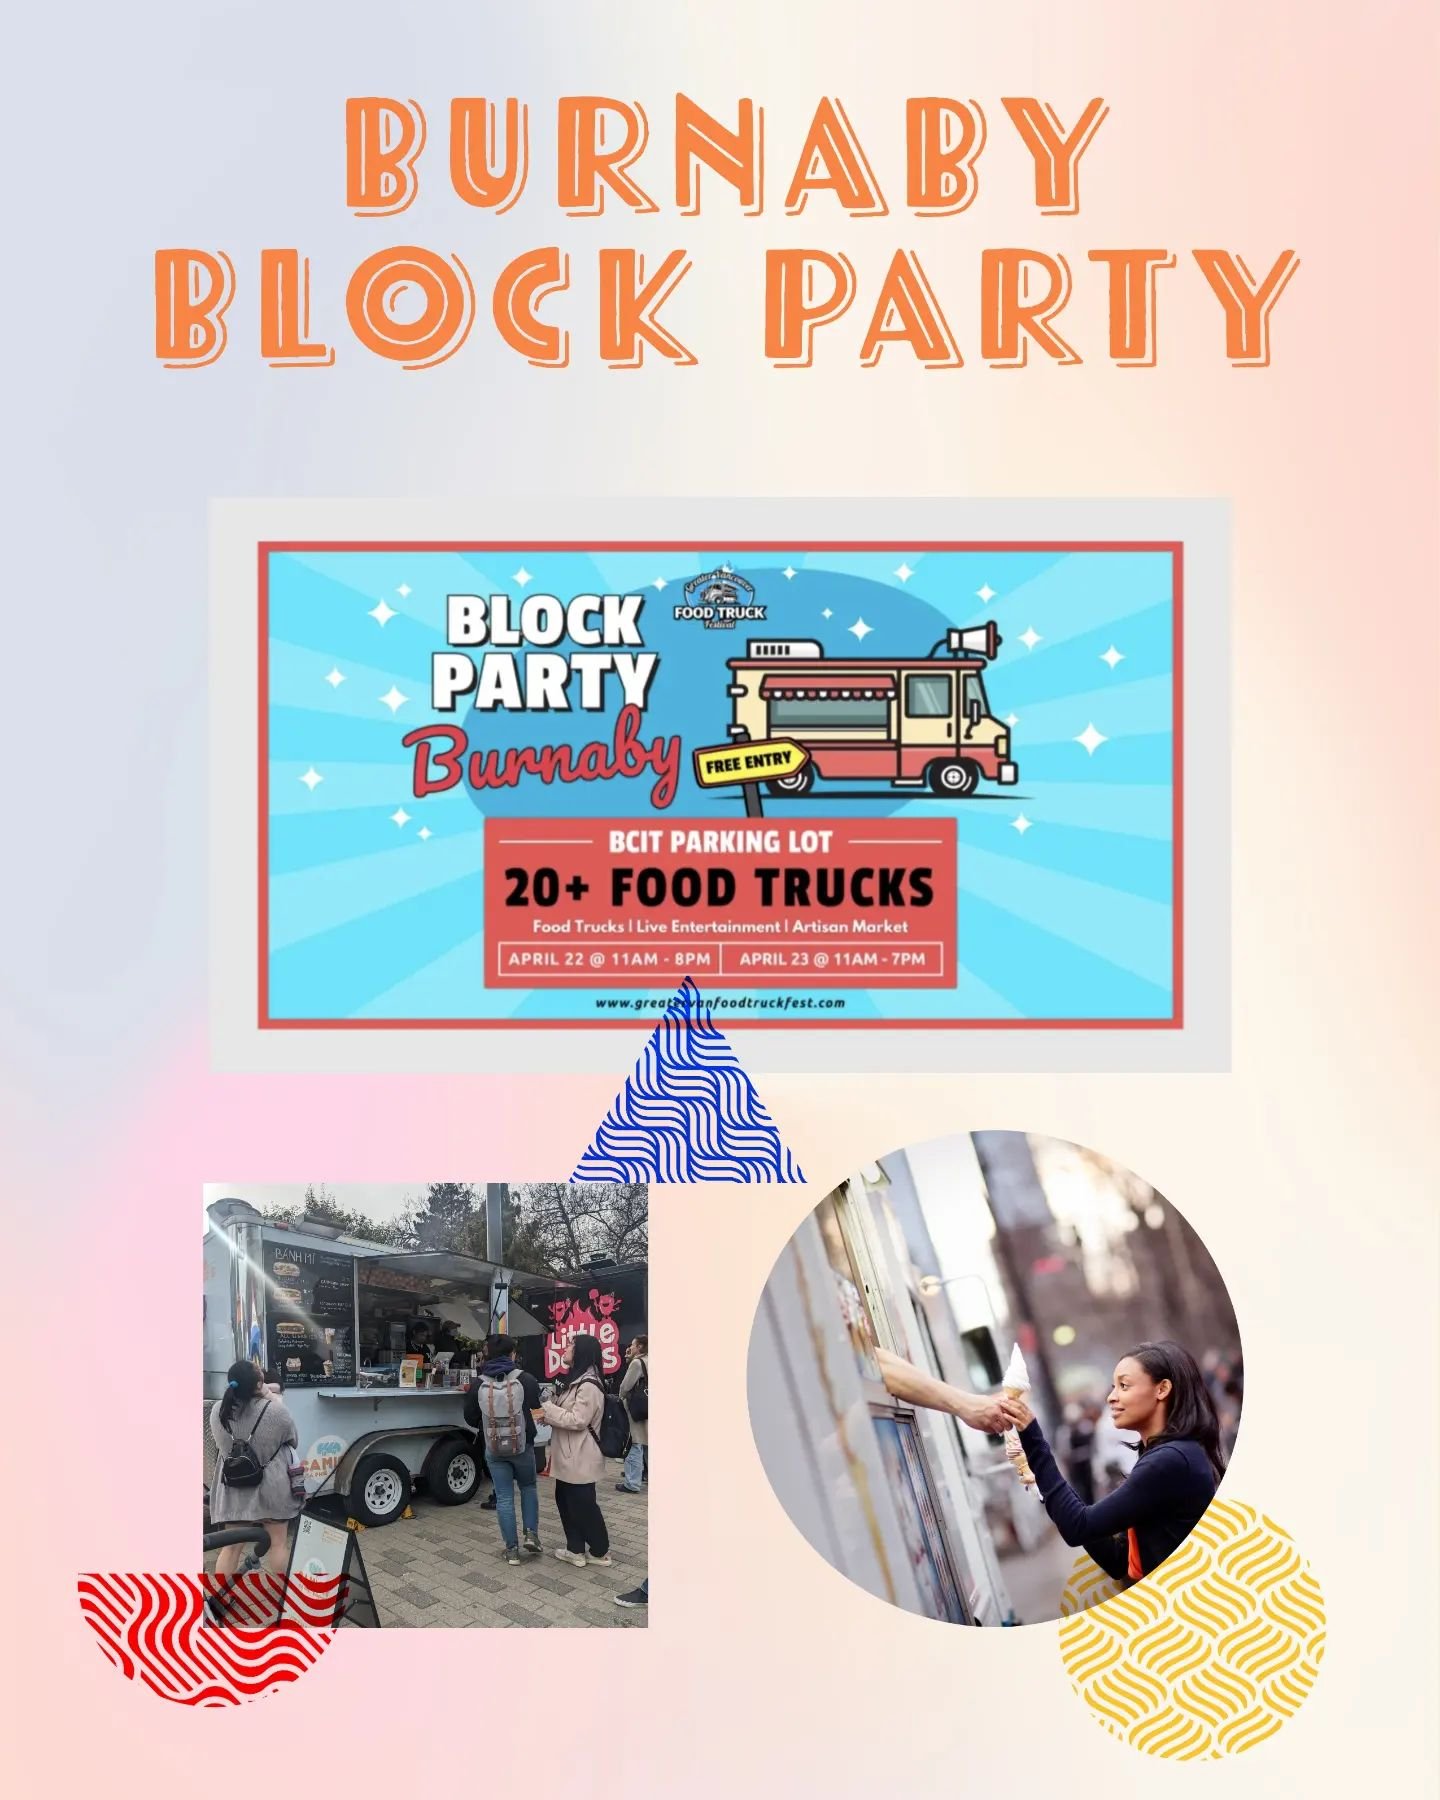 🚨 Burnaby Block Party Alert 🚨

Get ready for a fun-filled day of food, music, and shopping! Join us on Apr 22 and 23 at BCIT Burnaby Parking Lot for a Block Party like no other.

An amazing lineup of food trucks serving up delicious eats all day lo
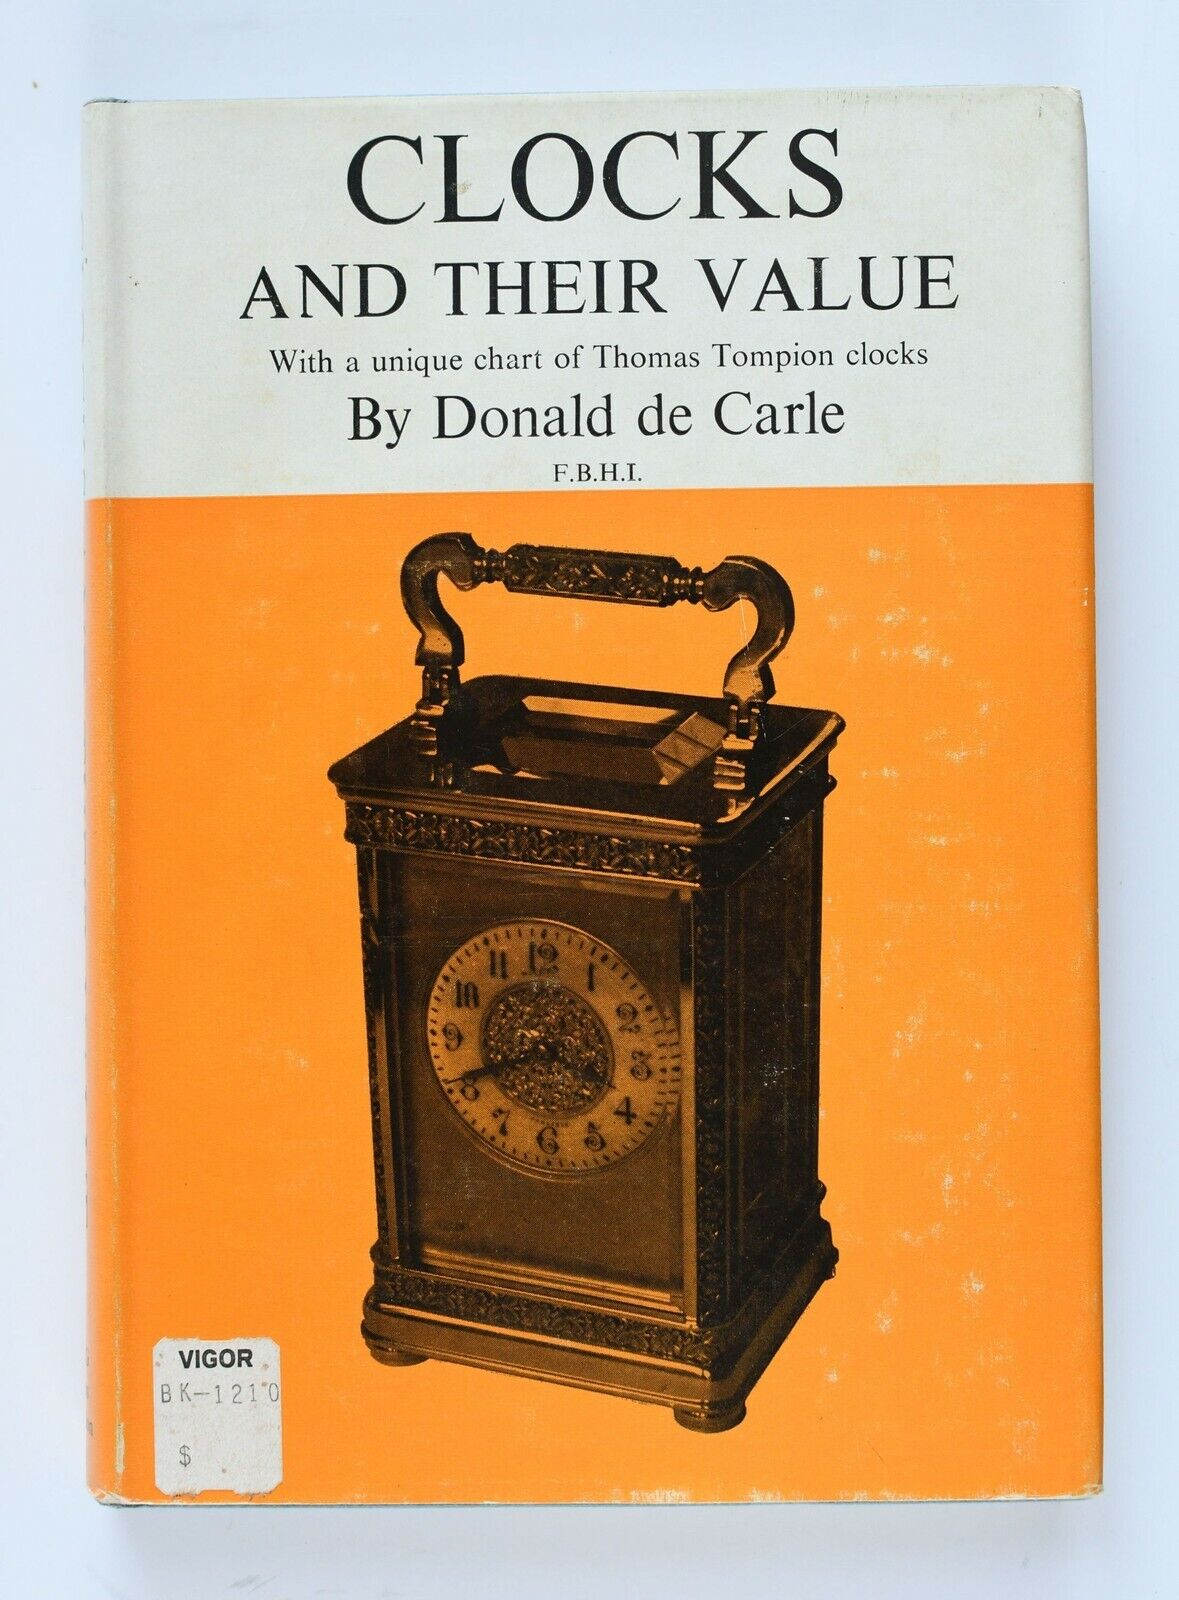 Clocks and their Value with Thomas Tompion Clocks chart by Donald de Carle
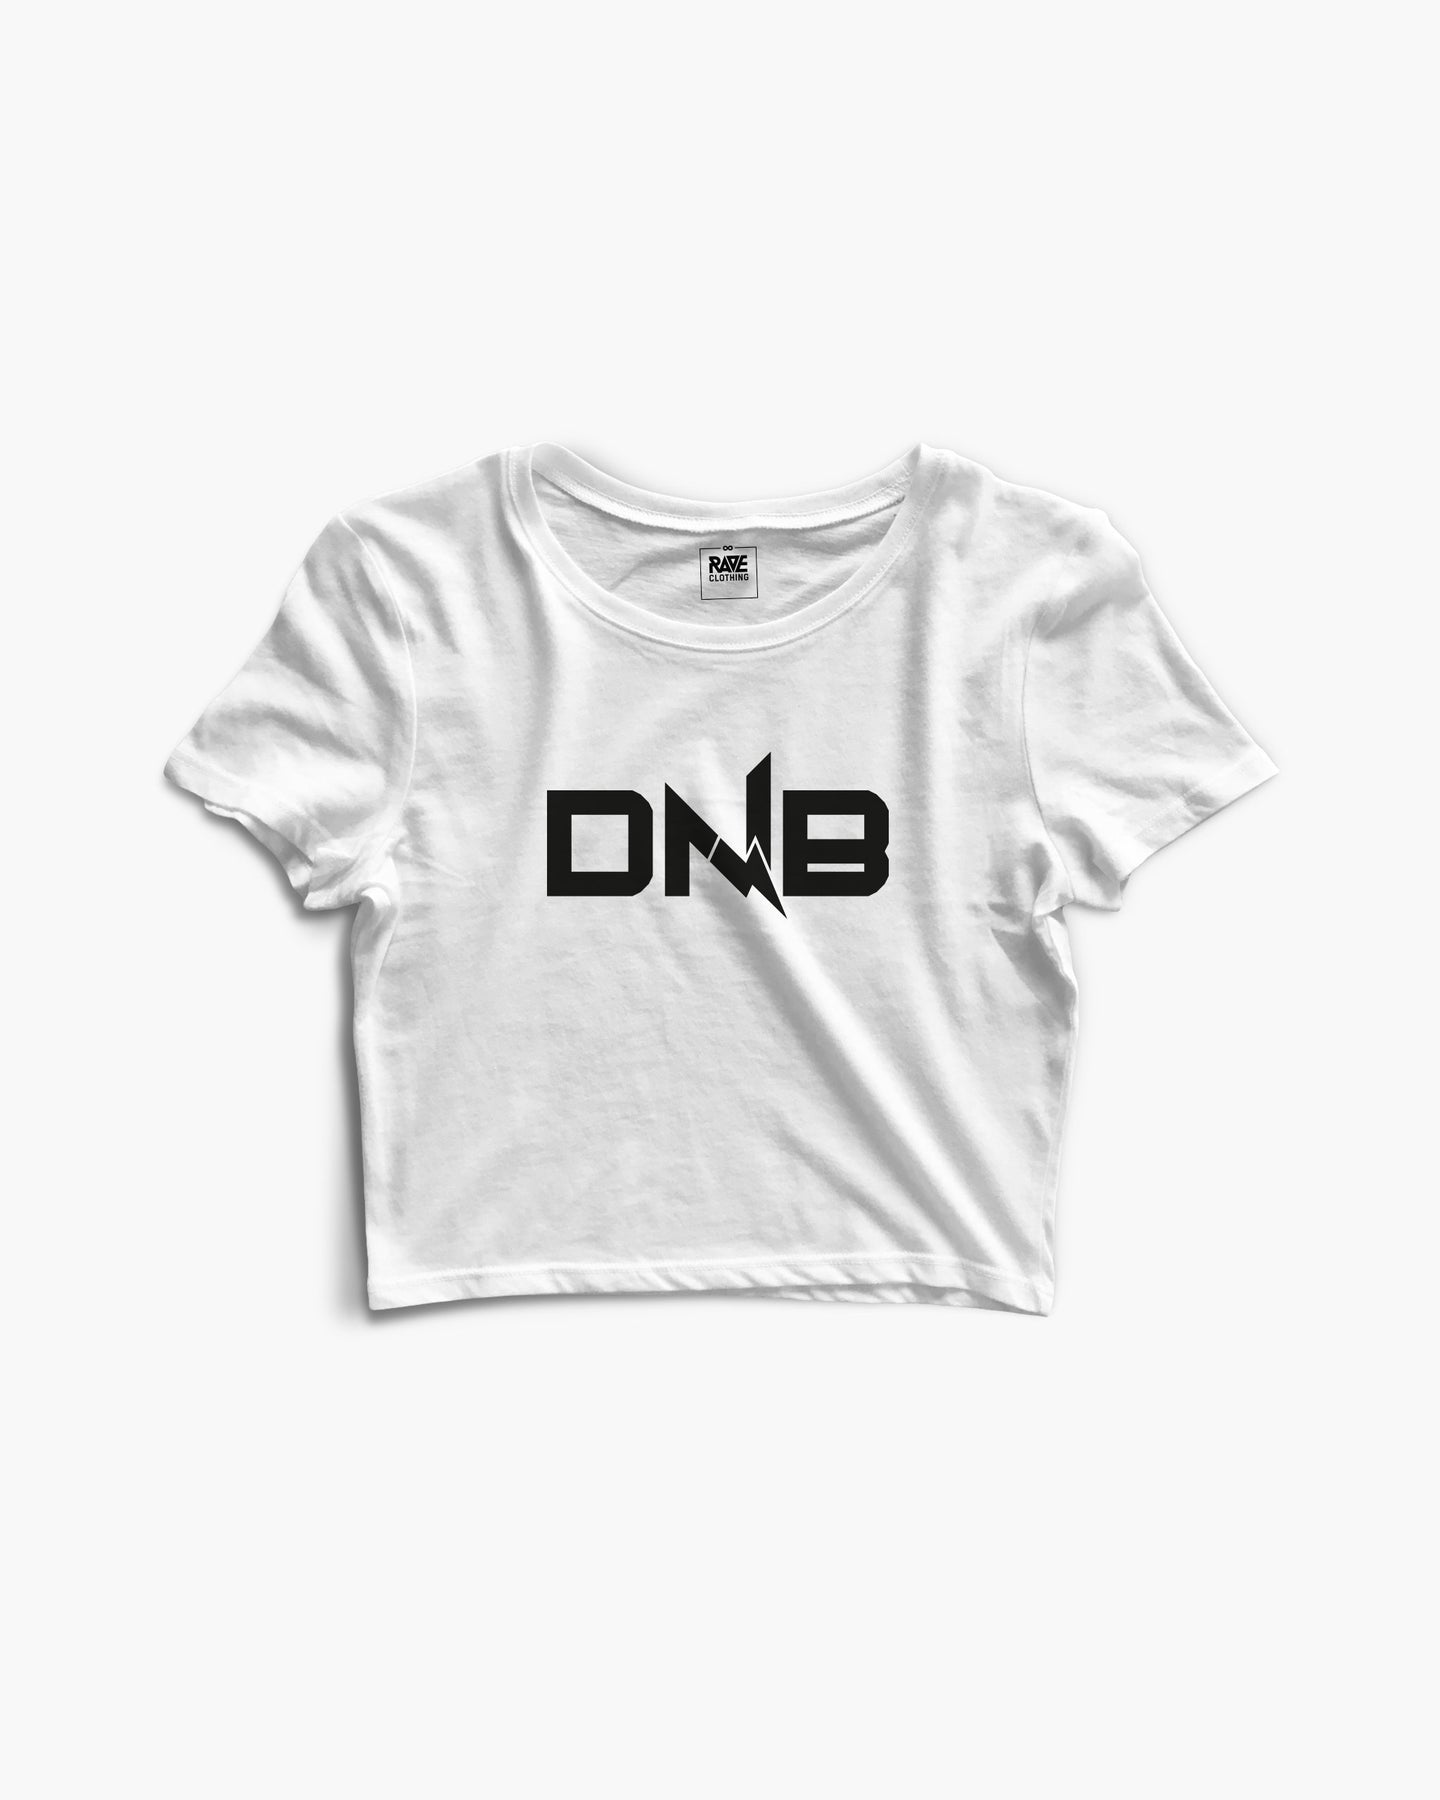 DNB Flash Crop Top in White | RAVE Clothing online store
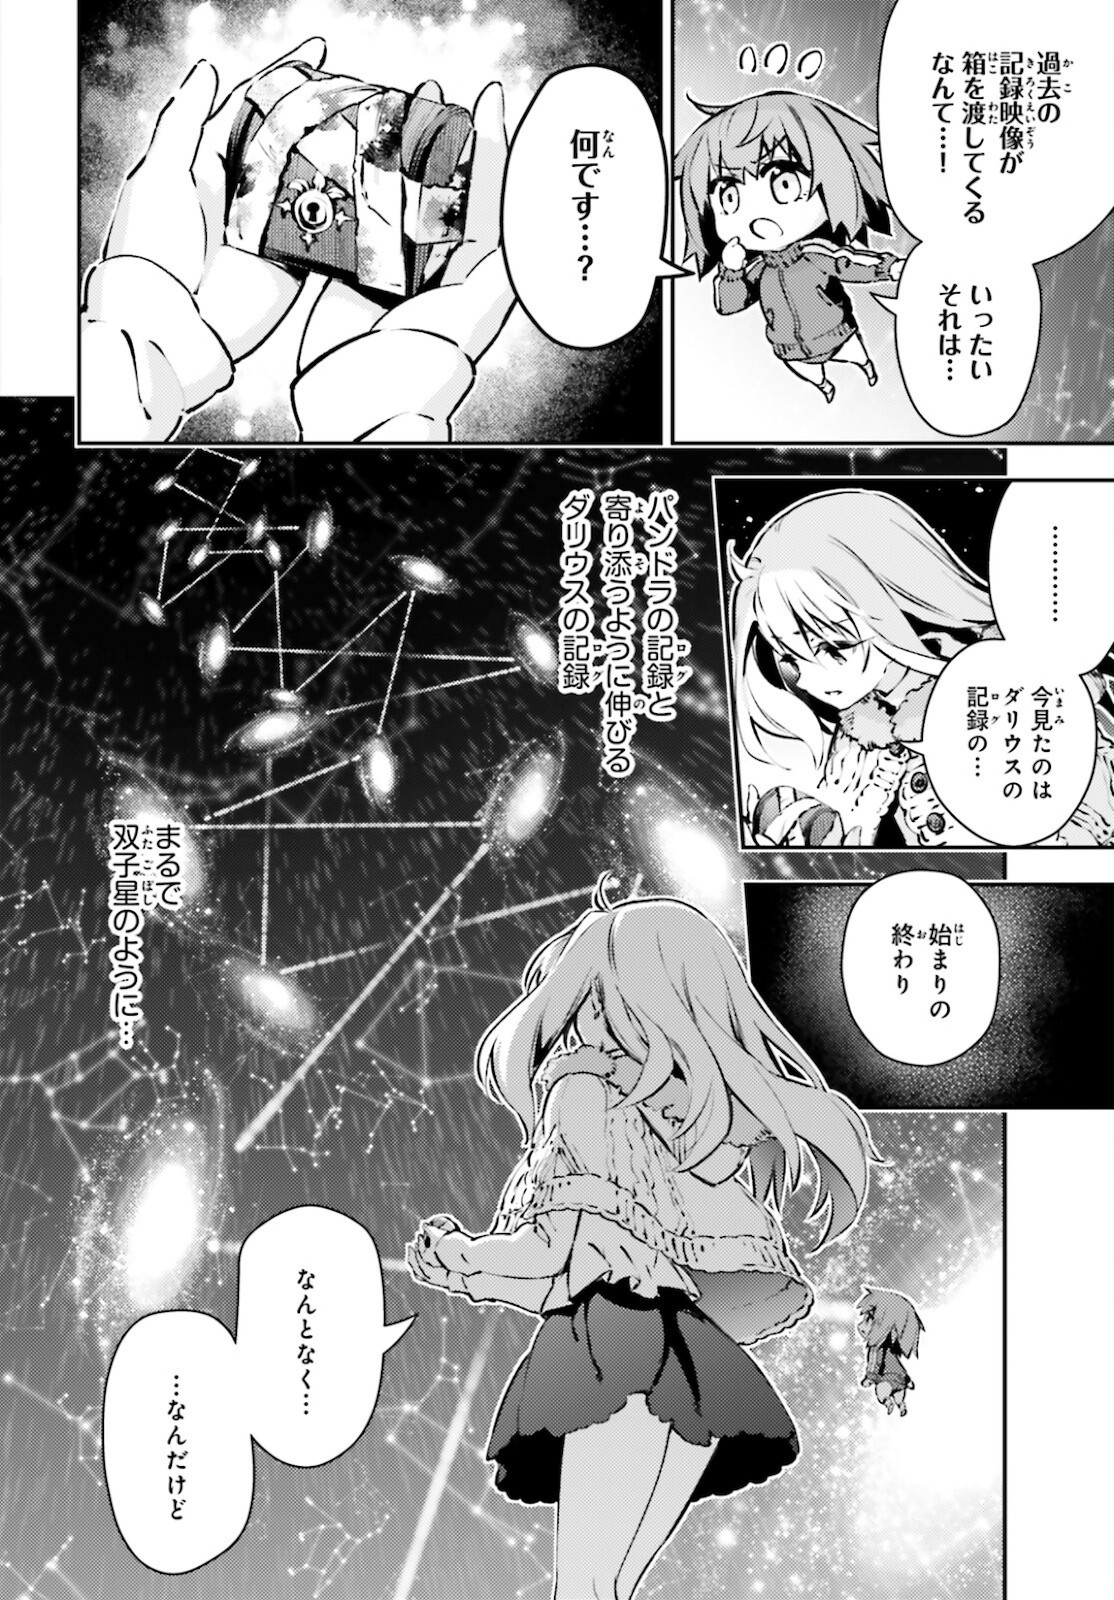 Fate/Kaleid Liner Prisma Illya Drei! - Chapter 66-1 - Page 4

::::::

[Task brief]:
Within the listing above, how many lines hold the string "food"? Answer with the number only.

[Solution to the problem]:
2